35
Наташа тоже ходила с Васькой на Красную площадь; потом они были у Нины Георгиевны. Все было таким необычайным, что Наташа думала: будто во сне… А когда она вернулась домой, ее ожидало письмо от отца. Соседка сказала: «Летчик принес».
Дмитрий Алексеевич писал:
«Дорогая моя Наташа!
Только что мне сказали, что в Реймсе немцы подмахнули черновик, завтра прилетят сюда. Значит, все кончено, и первое, что я делаю, пишу тебе. Милая ты моя, любимая дочка, поздравляю тебя, знаю, что ты пережила за эти годы, была храброй, работала, как же не сказать, что это наша общая победа! Вспоминаю сейчас, как приехала ты из Минска и сразу сказала, что хочешь на фронт, и это неважно, что ты была на фронте недолго, в эту войну воевали все. Больно мне, что мама не увидела, ведь можно жизнь прожить и не узнать такого счастья. Ты подумай, что случилось, — победили! Я живу в домике под Берлином, жил здесь какой-то жеребчик, у него ванна фисташкового цвета и полное собрание сочинений доктора Геббельса. Нет, не хочется о них сейчас думать, хочется думать о нашем народе, добром, смелом, верном своему сердцу, своей судьбе.
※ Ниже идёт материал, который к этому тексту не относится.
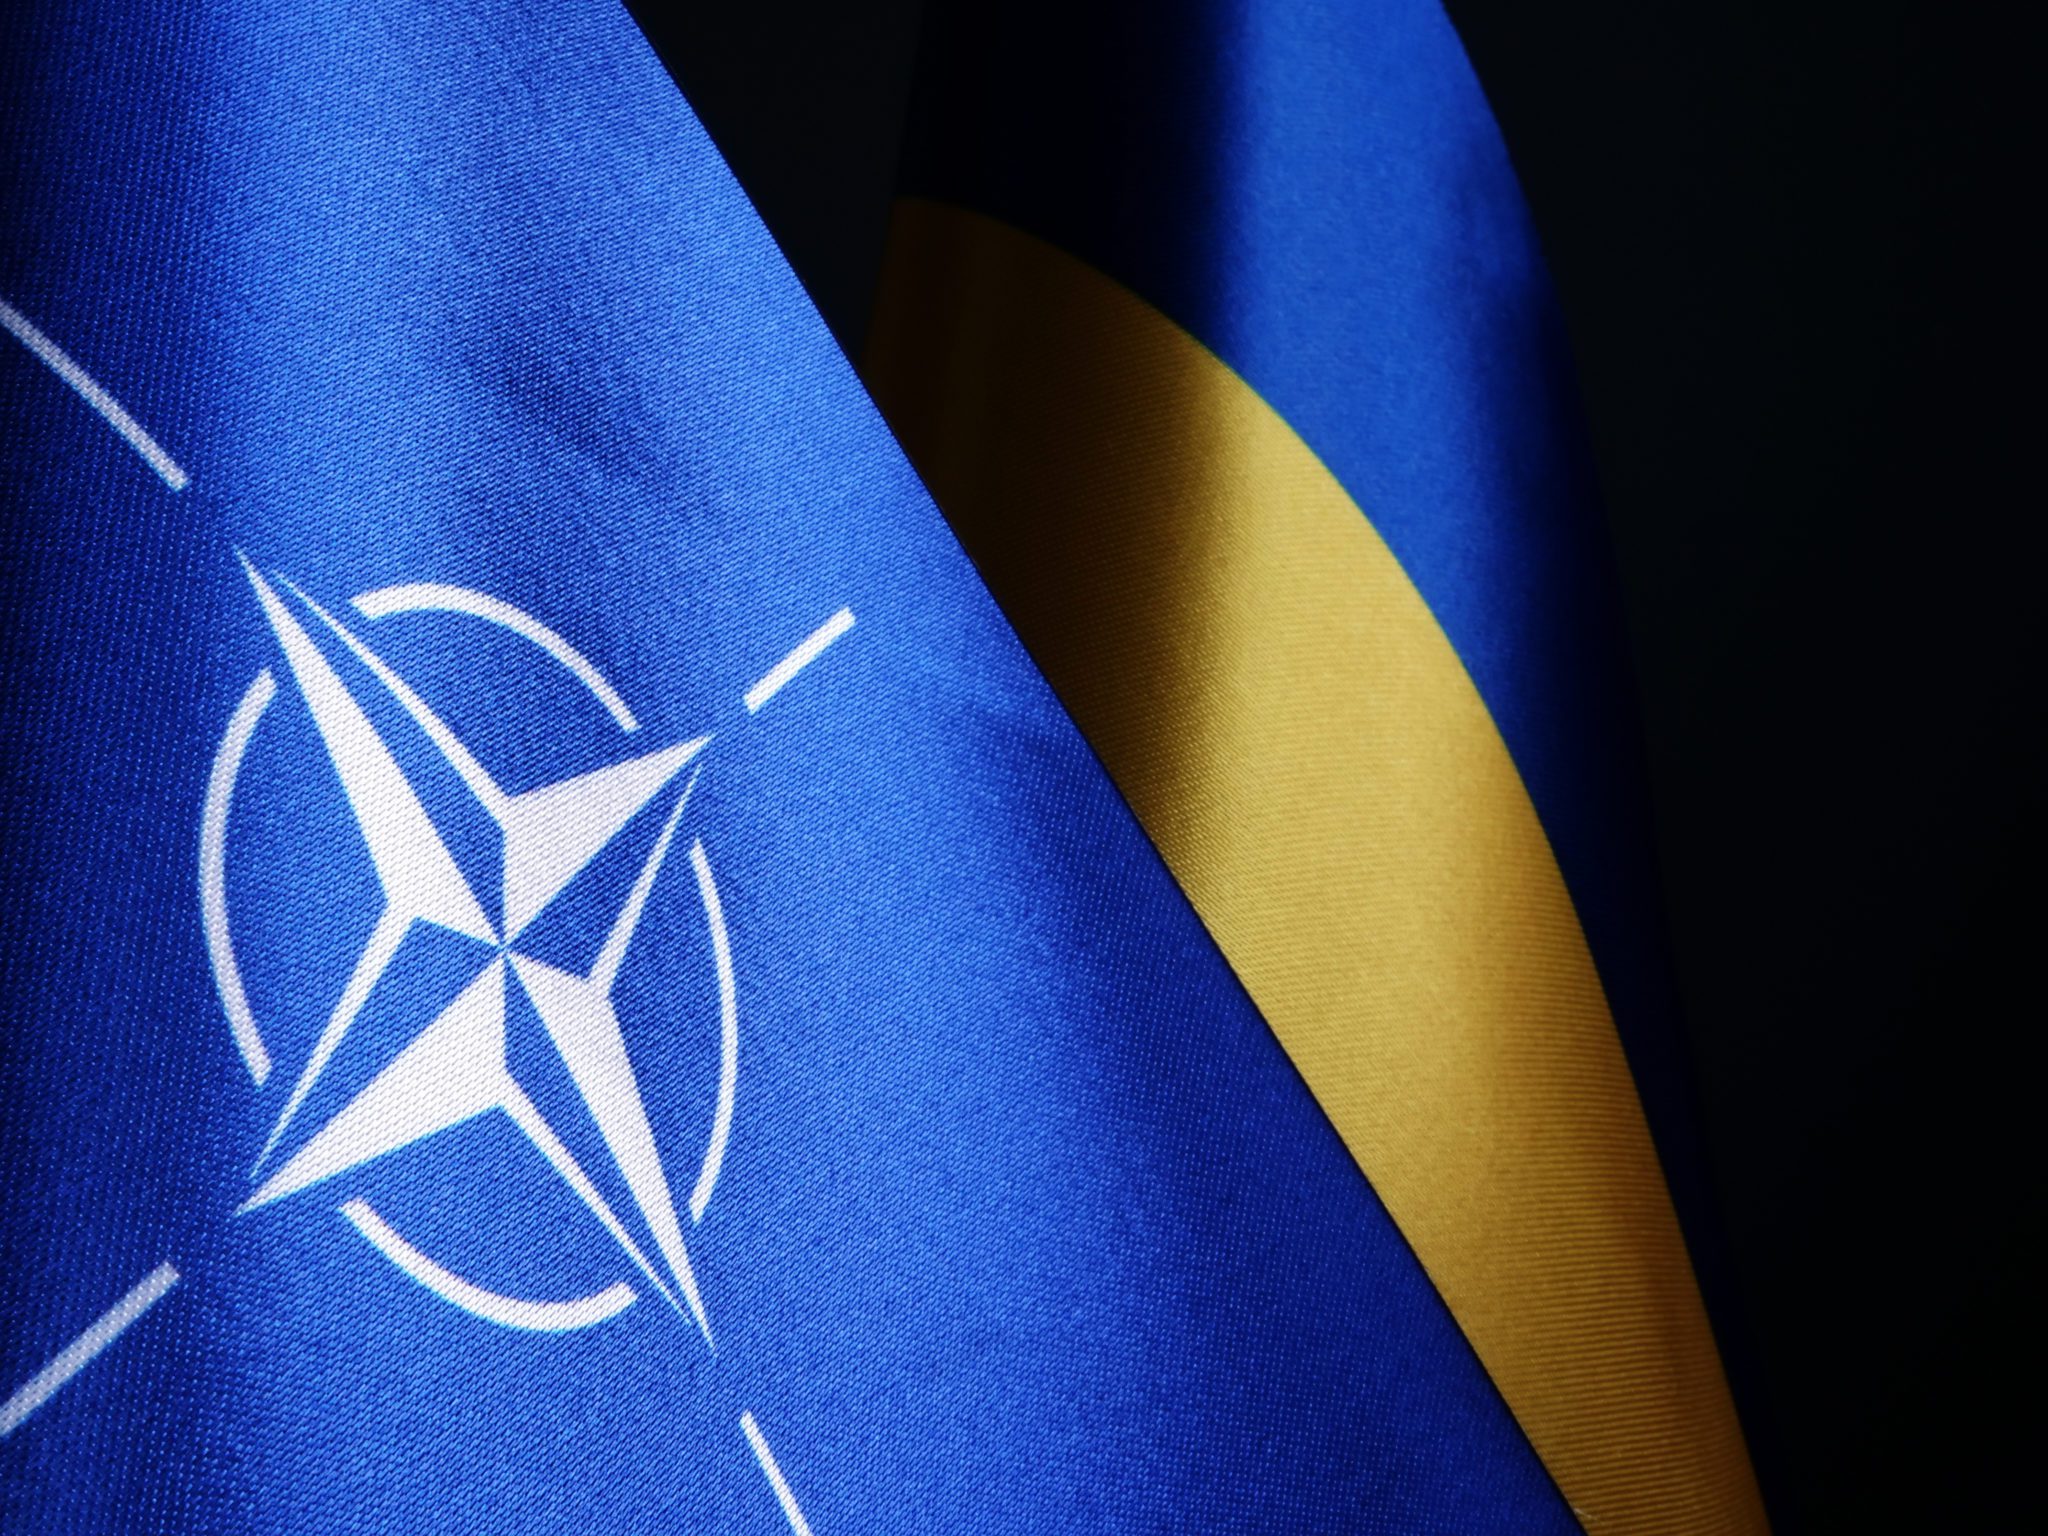 Making Ukraine a NATO Member in All but Name

Наверное, скоро Вася приедет к тебе. Мне говорили, что он в Берлине, я его не разыскал, здесь столпотворение, но его видели после капитуляции, так что все в порядке. Три года, когда я думал о тебе, замирало сердце, хотя ты ничего не писала, я понимал, что у тебя внутри. А теперь мне за тебя спокойно. Я с Васей много разговаривал, он — настоящий человек, ты, хотя была девчонкой, не ошиблась. Он, может быть, не сразу бросается в глаза, но чем лучше его знаешь, тем больше ценишь. Не зря мы пережили эти страшные годы, с ним ты будешь счастлива. Очень мне хочется поглядеть на внука. Пожалуйста, не упрекай его, что крикун, — покричать иногда надо, особенно если он с характером. Откуда ты знаешь, он, может быть, горы перевернет, придумает, что вам не снится.
Обо мне ты напрасно тревожишься. Годы это условность, в сорок первом мне, наверно, было под семьдесят — от всего безобразия, а теперь танцовать могу, забью твоих кавалеров. Не в Кисловодск же мне ехать, как ты предлагаешь. Работы будет много, солдаты свое отвоевали, а для нашего брата начинается страда, я уж не говорю, что нужно раненых поставить на ноги, теперь расхвораются здоровяки — всегда так бывает после напряжения. Ничего, еще поработаю, сил хватит.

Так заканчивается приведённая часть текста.